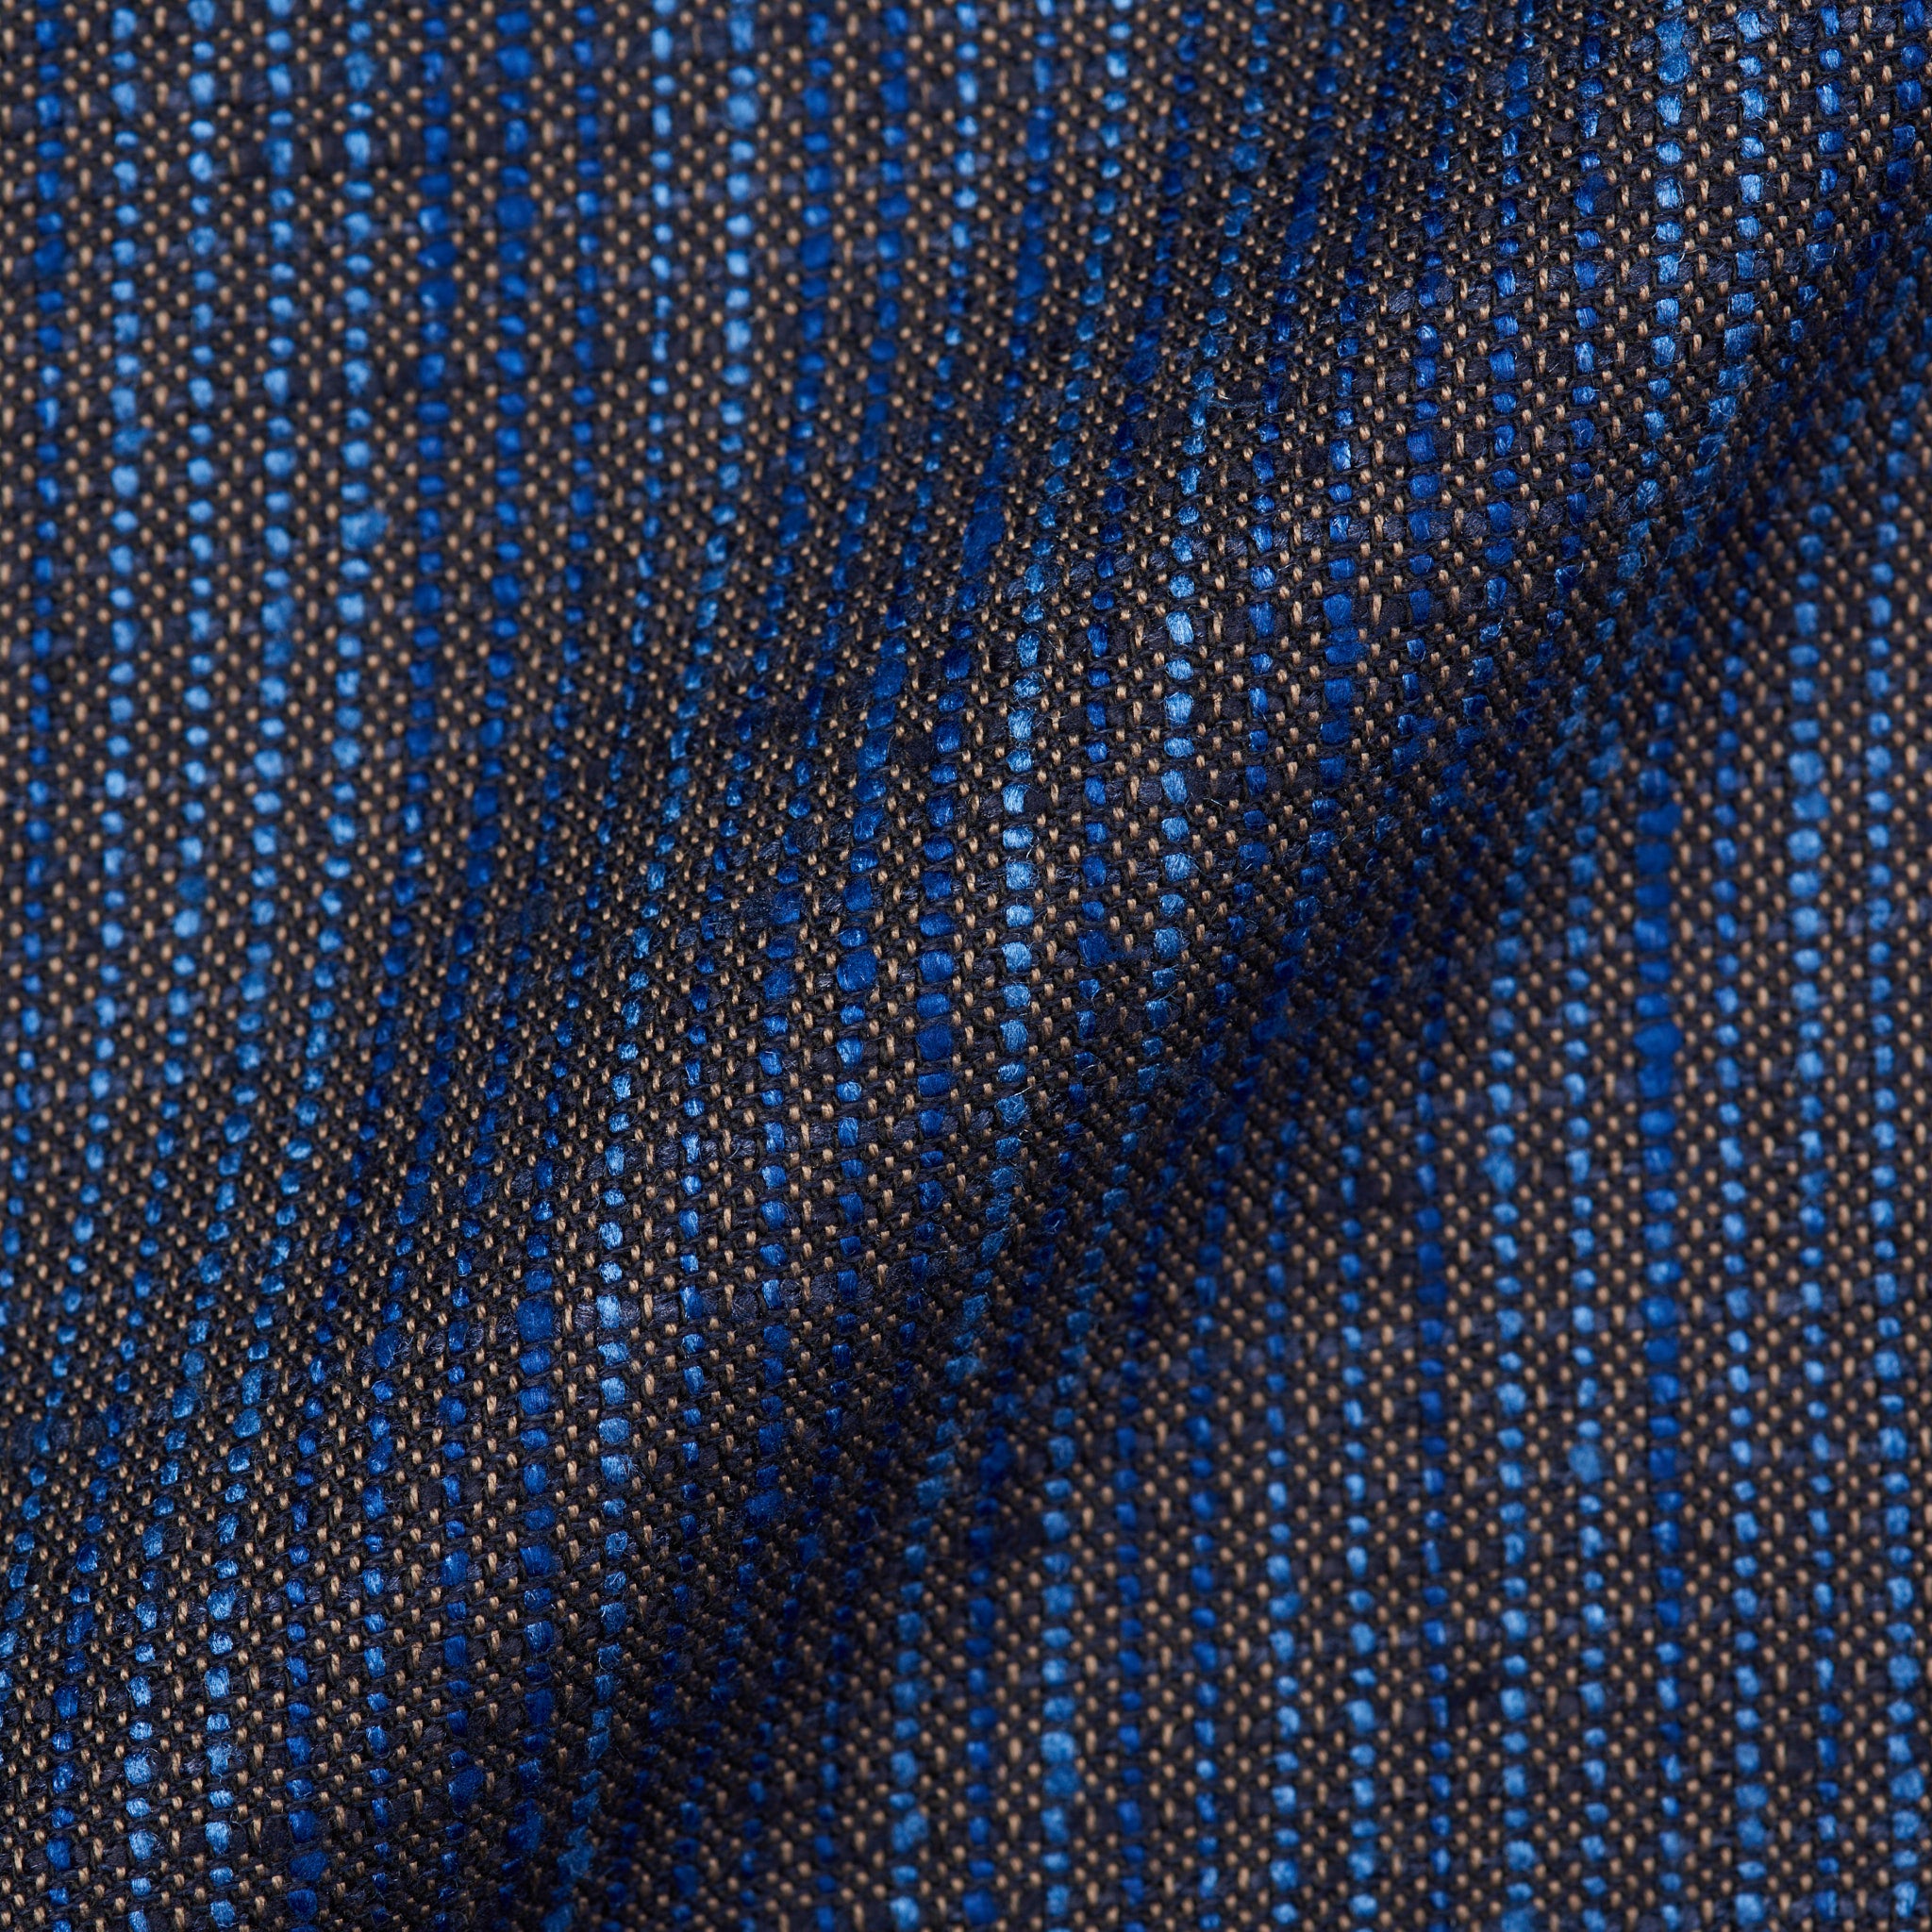 BERLUTI Paris "Brera" Blue Silk-Linen 1 Button Cotton Lined Jacket EU 54 US 44 S
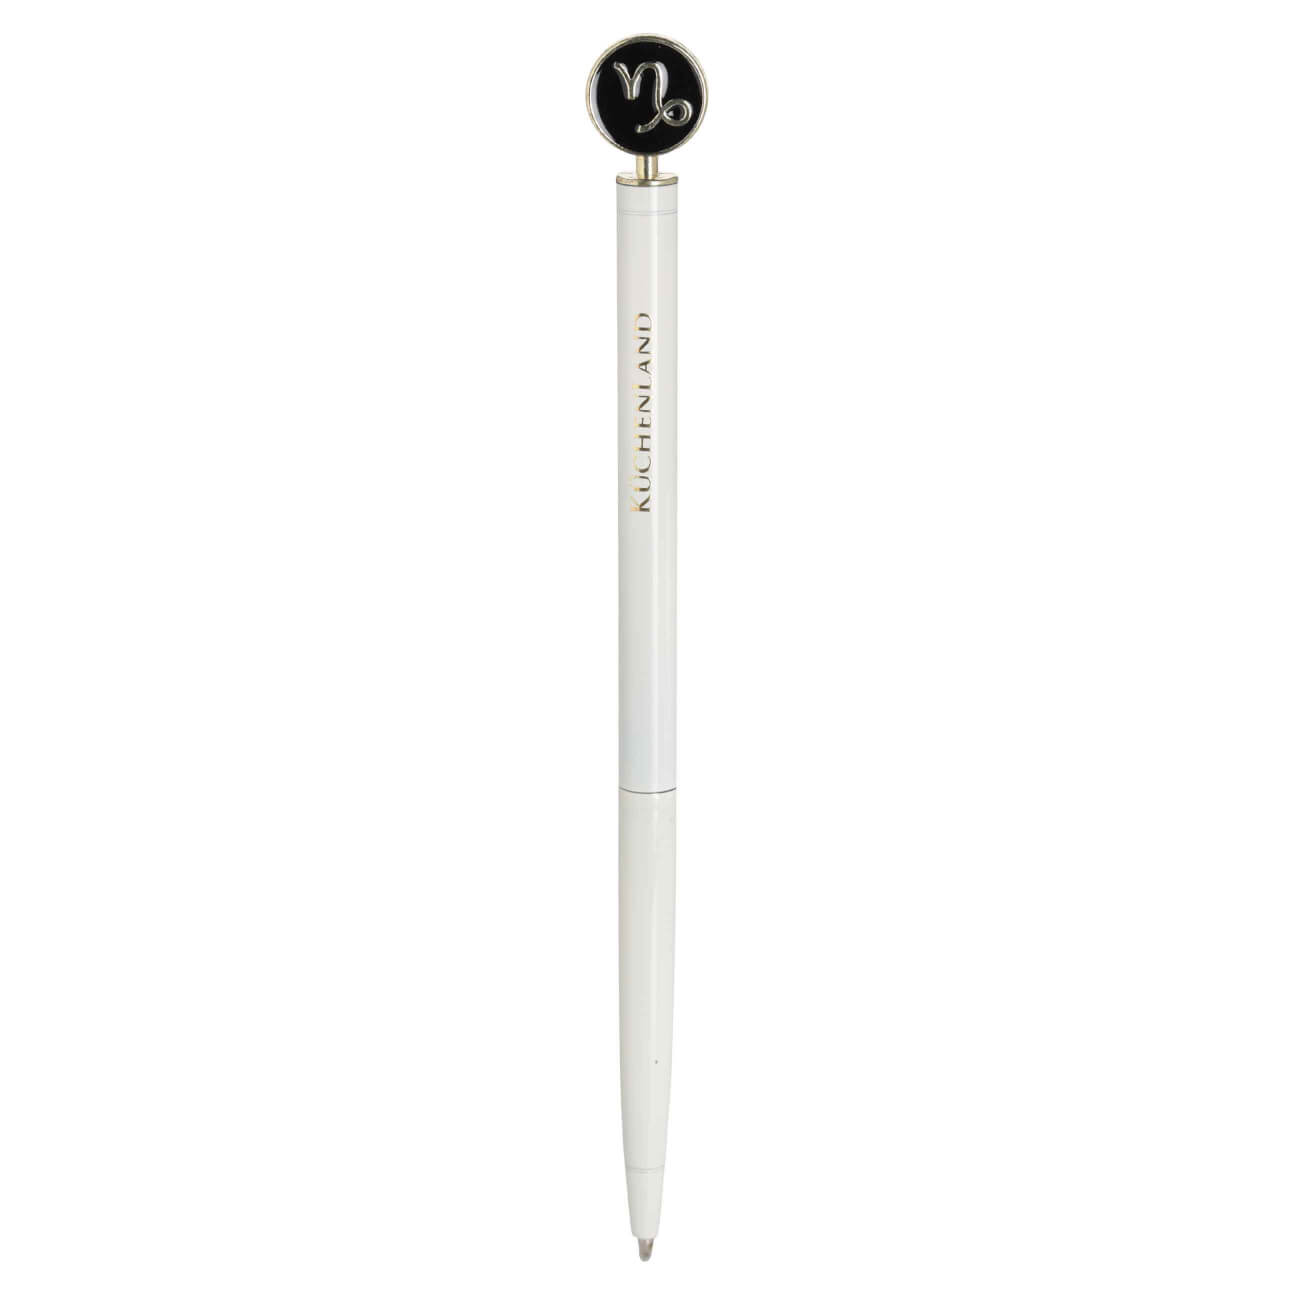 Ручка шариковая, 15 см, с фигуркой, сталь, молочно-золотистая, Козерог, Zodiac автоматическая шариковая ручка hatber
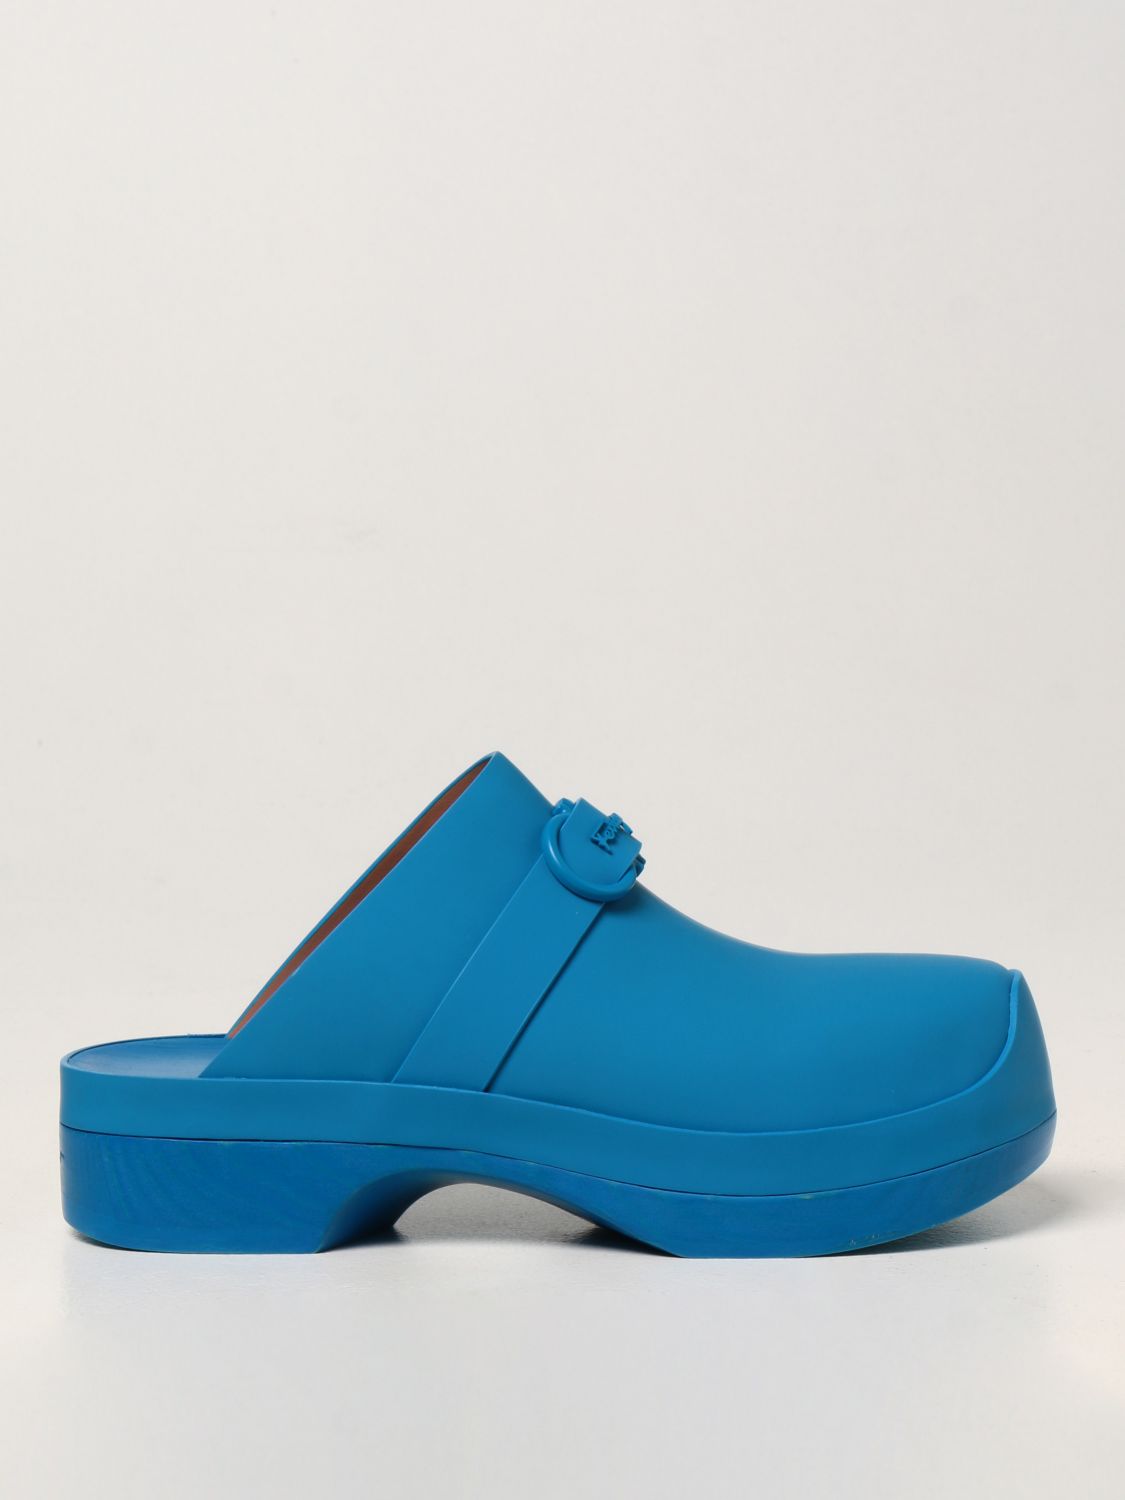 Flache Schuhe Salvatore Ferragamo: Schuhe damen Salvatore Ferragamo royal blue 1
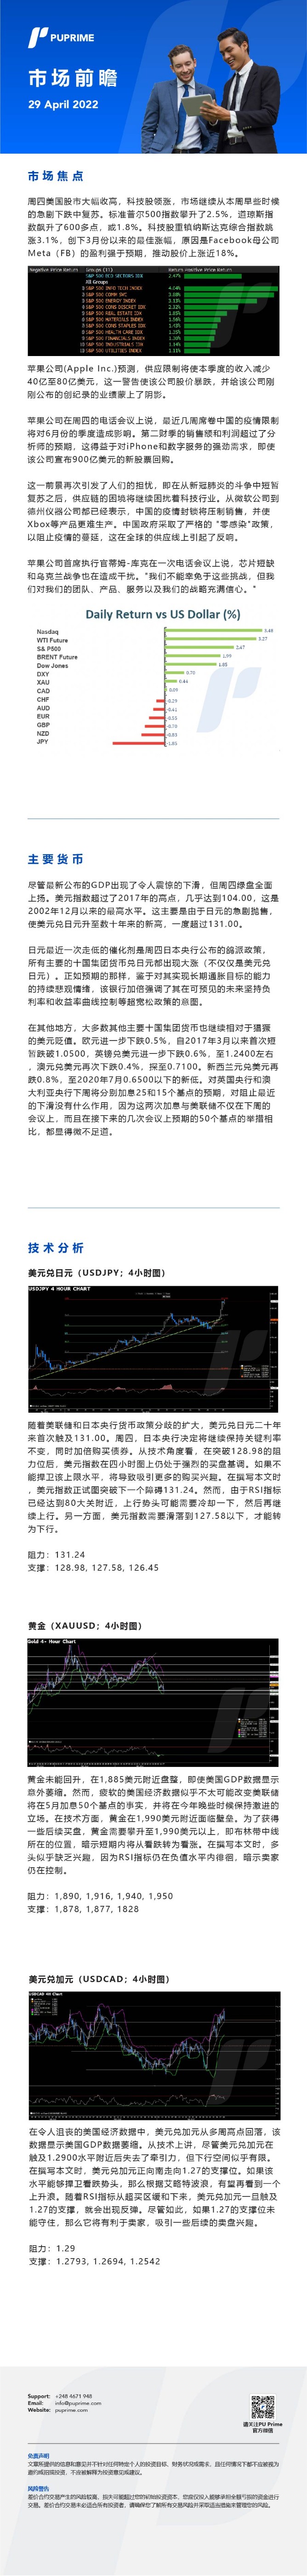 29042022 Daily Market Analysis__CHN.jpg
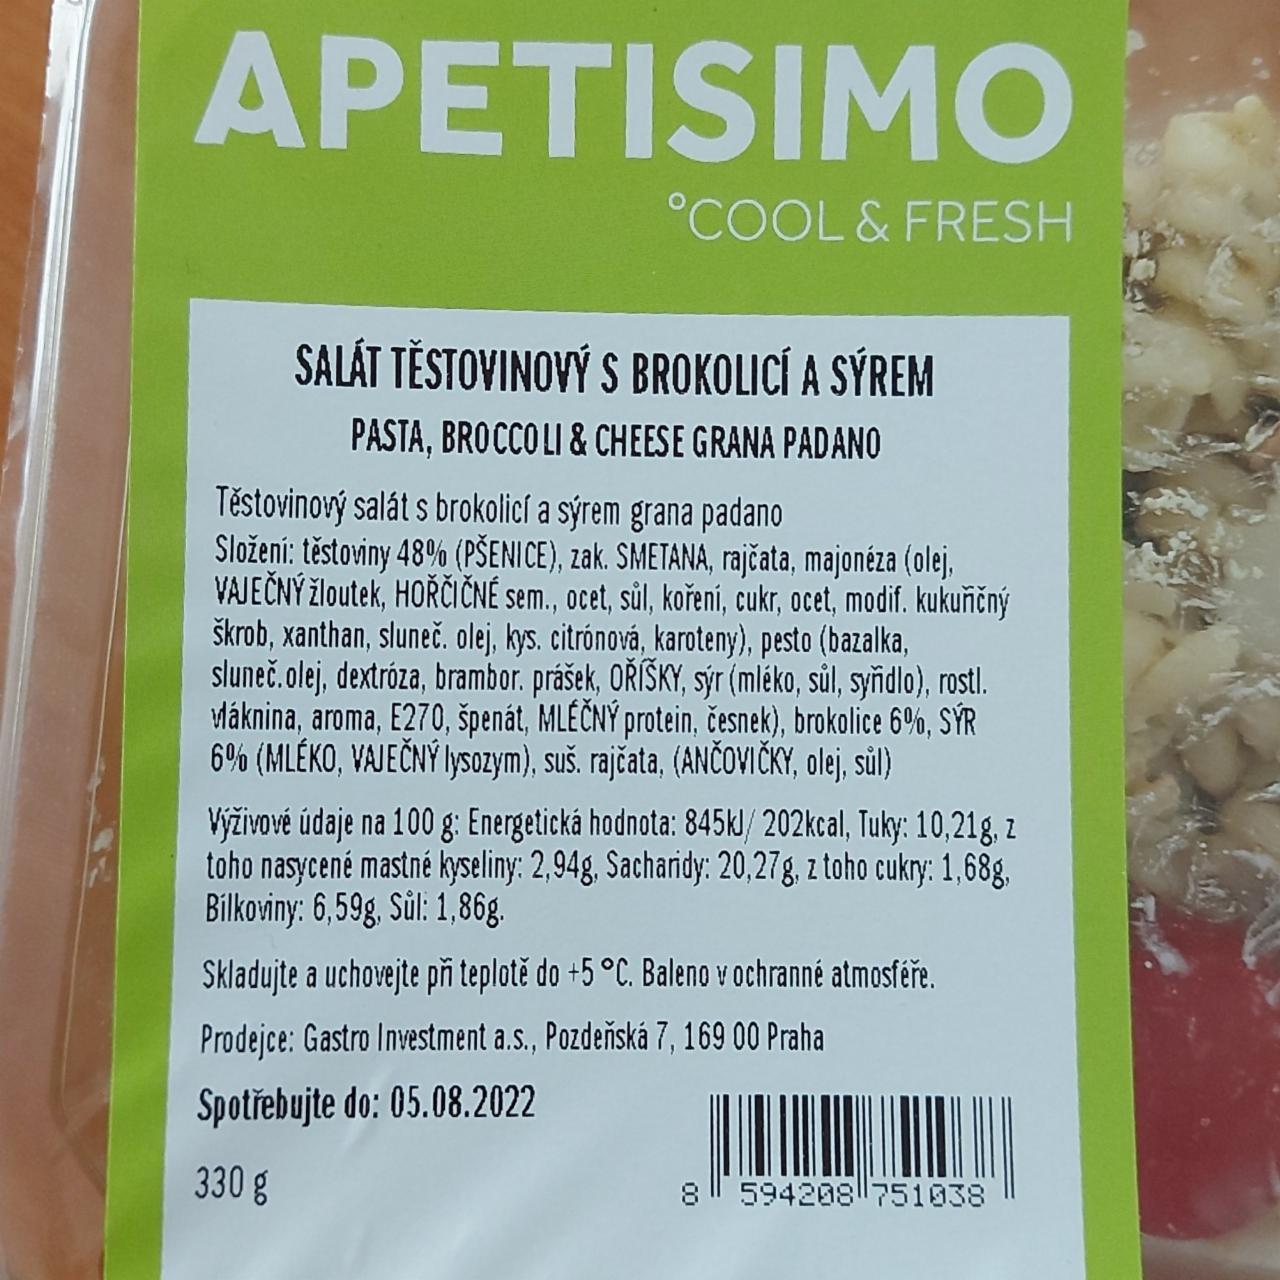 Fotografie - Salát těstovinový s brokolicí a sýrem Apetisimo

---

• _Your instructions_: From the line containing "Ручка шариковая, 15" through the last line of the entries, copy each line exactly and only those, skipping all pictures.

• _Written answer_:
 Ручка шариковая, 15 см, с фигуркой, сталь, молочно-золотистая, Козерог, Zodiac автоматическая шариковая ручка hatber
 Flache Schuhe Salvatore Ferragamo: Schuhe damen Salvatore Ferragamo royal blue 1
 29042022 Daily Market Analysis__CHN.jpg
 Fotografie - Salát těstovinový s brokolicí a sýrem Apetisimo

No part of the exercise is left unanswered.